Simultenous Equations

**JohnDoe** · March 9th 2009, 09:50 AM

How to solve $x+\sqrt{y}=4$ and $y+\sqrt{x}=3$ Thanks in advance. x=? y=?

**e^(i*pi)** · March 9th 2009, 10:04 AM

Originally Posted by JohnDoe

How to solve $x+\sqrt{y}=4$ and $y+\sqrt{x}=3$ Thanks in advance. x=? y=?

rearranging:

$\sqrt{y} = 4-x$ so $y = (4-x)^2 = 16-8x+x^2$

$\sqrt{x} = 3-y$ so $x = (3-y)^2 = 9-6y+y^2$

Sub in (4-x)^2 for y:

$x = (3-16+8x-x^2)^2$

solve for x and the put the value(s) of x into one of the original equations to find y

**JohnDoe** · March 9th 2009, 10:55 AM

xsoy I did not get the meaning. Can you explain?
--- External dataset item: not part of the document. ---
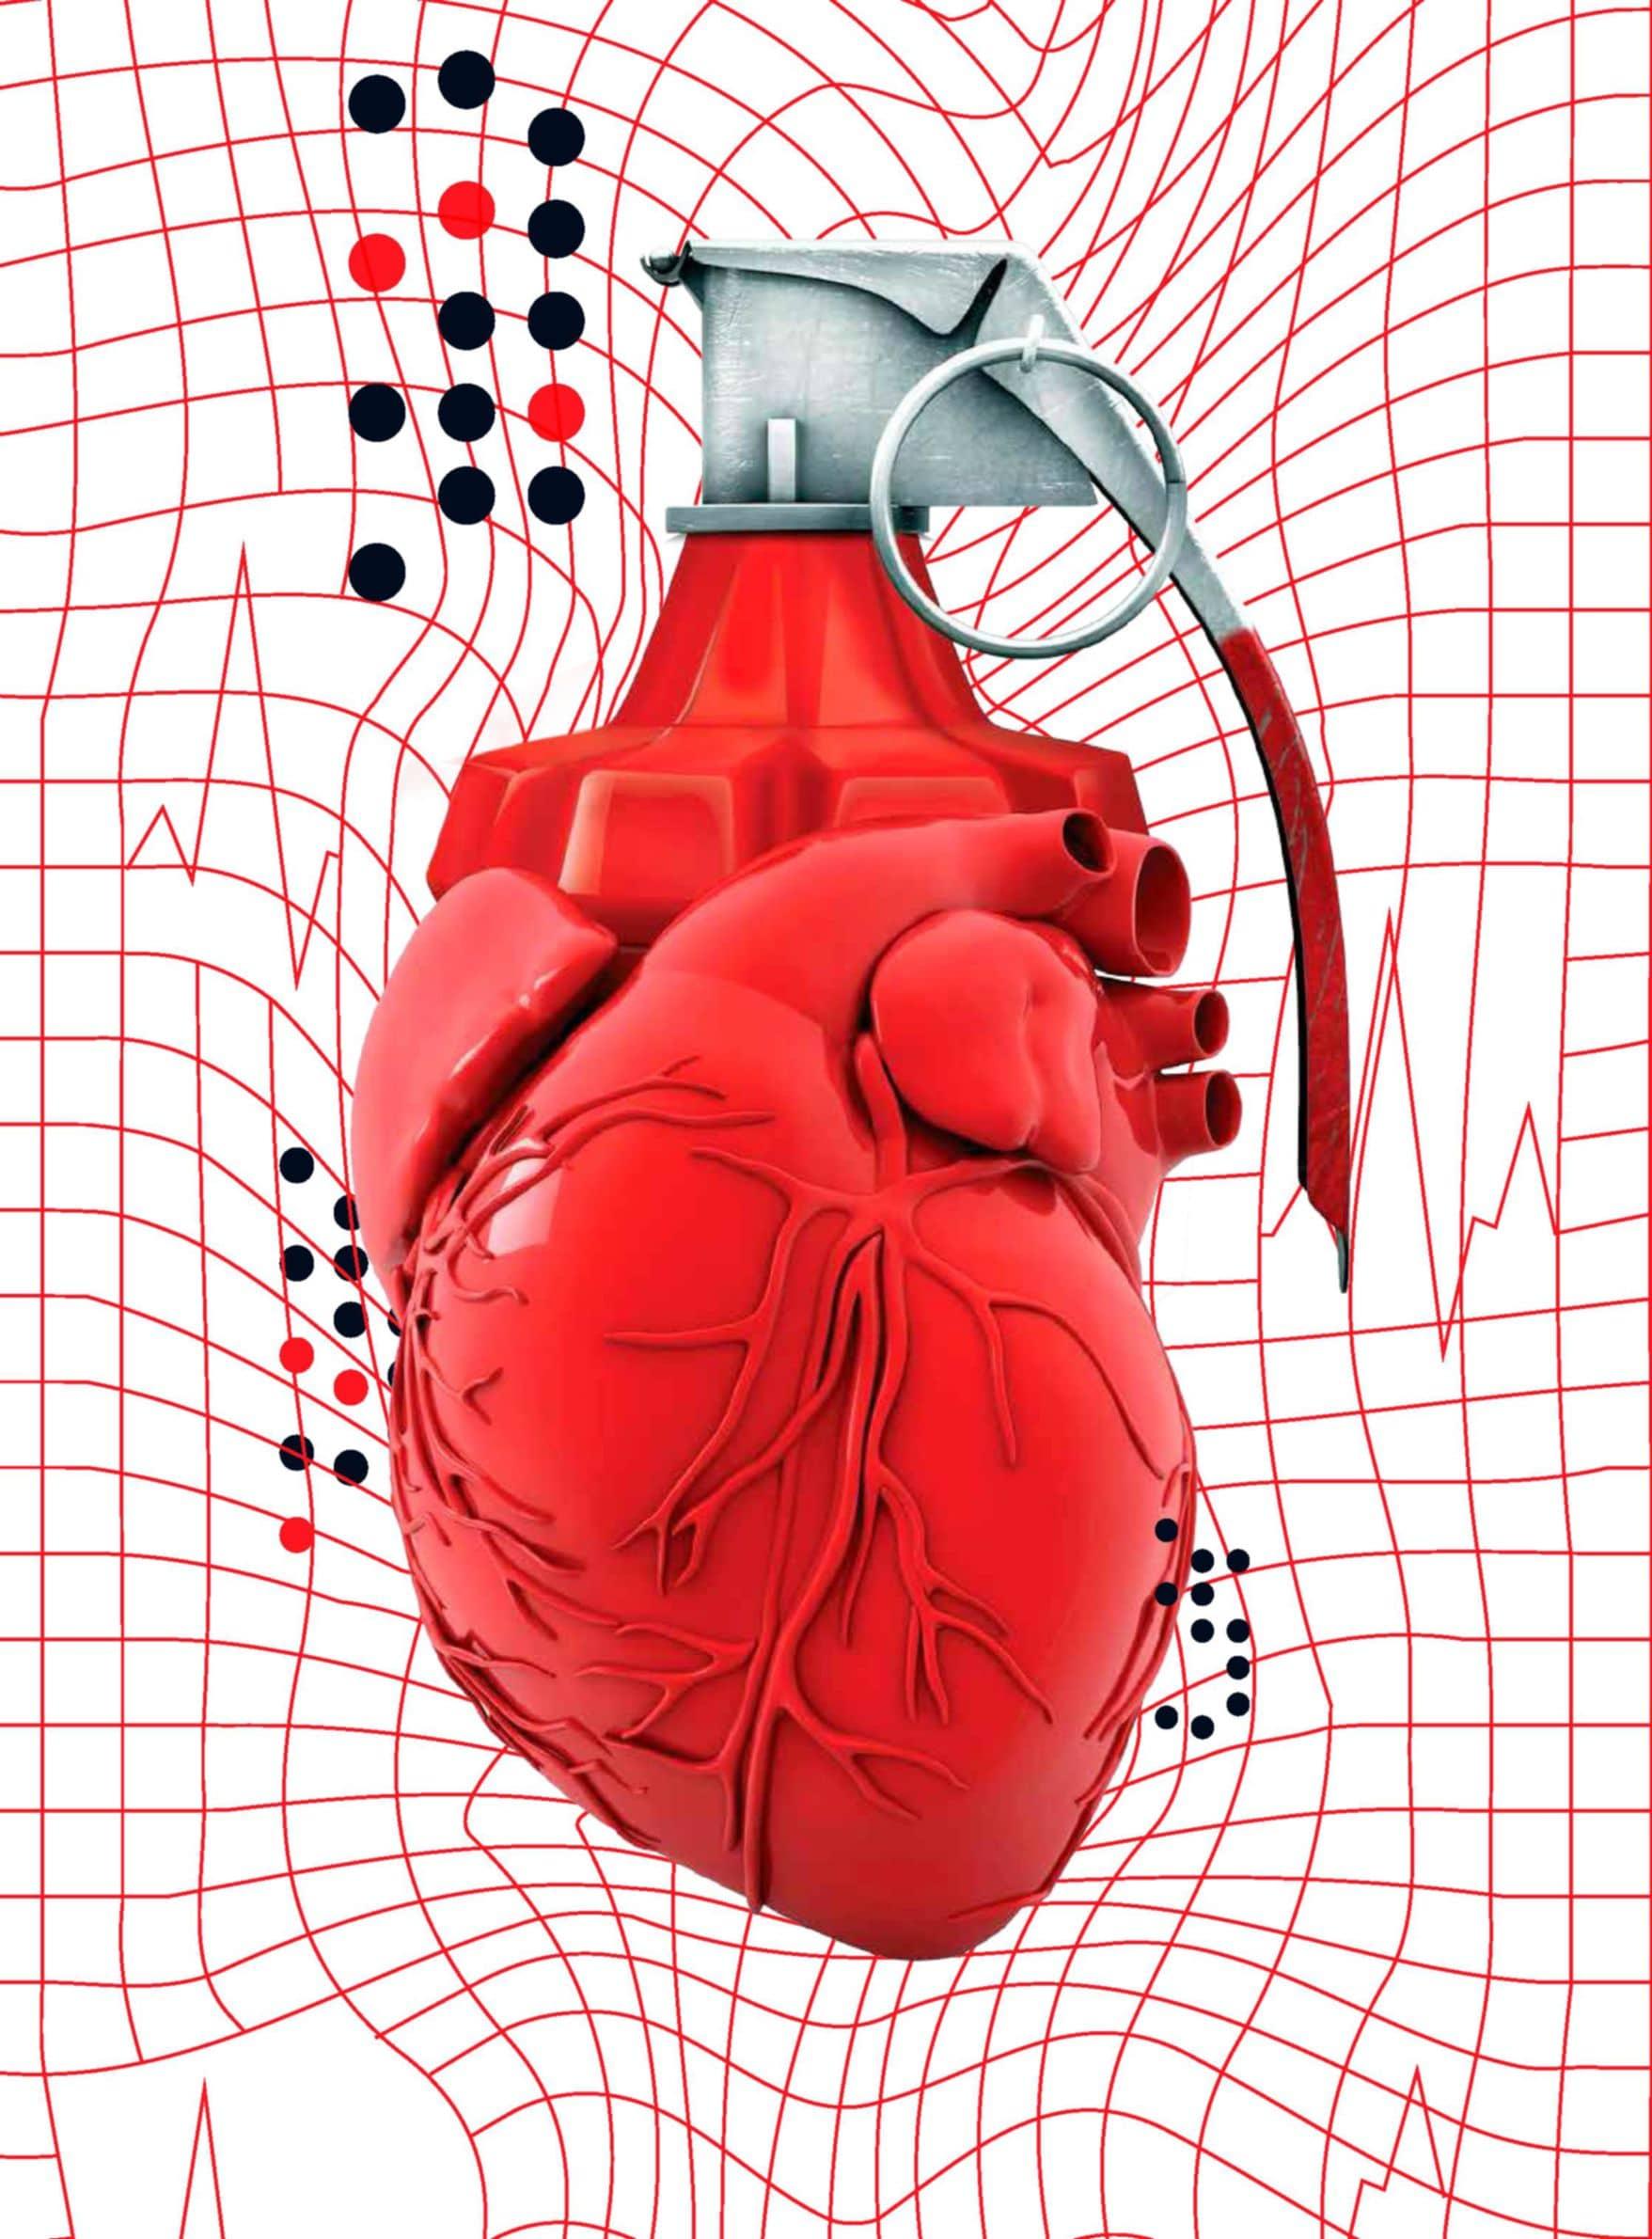 Ataques cardíacos: nadie está a salvo
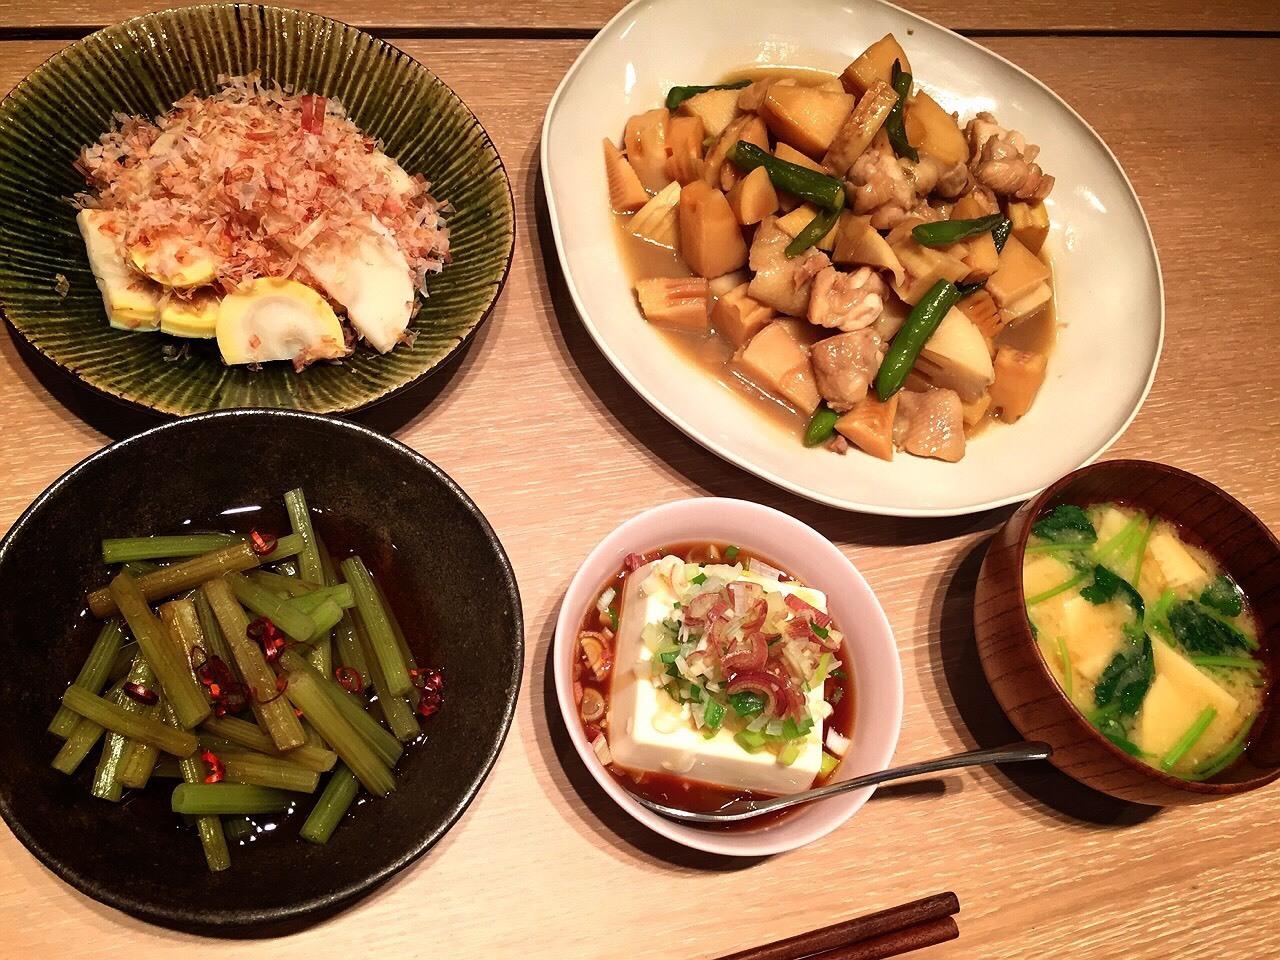 佐々木希 料理

Thanks for reply but I can not figure out how to do it can anyone provide me the exact solution. Also I am not experienced with MathType so I had to edit the post a few times the correct one would be $x+\sqrt{y}=4$ and $y+\sqrt{x}=3$ .

There must be a trick in solving this problem because it is an examination question and we are not supposed to use calculators while solving with the method you suggest I think it is impossible to get an accurate solution without a calculator.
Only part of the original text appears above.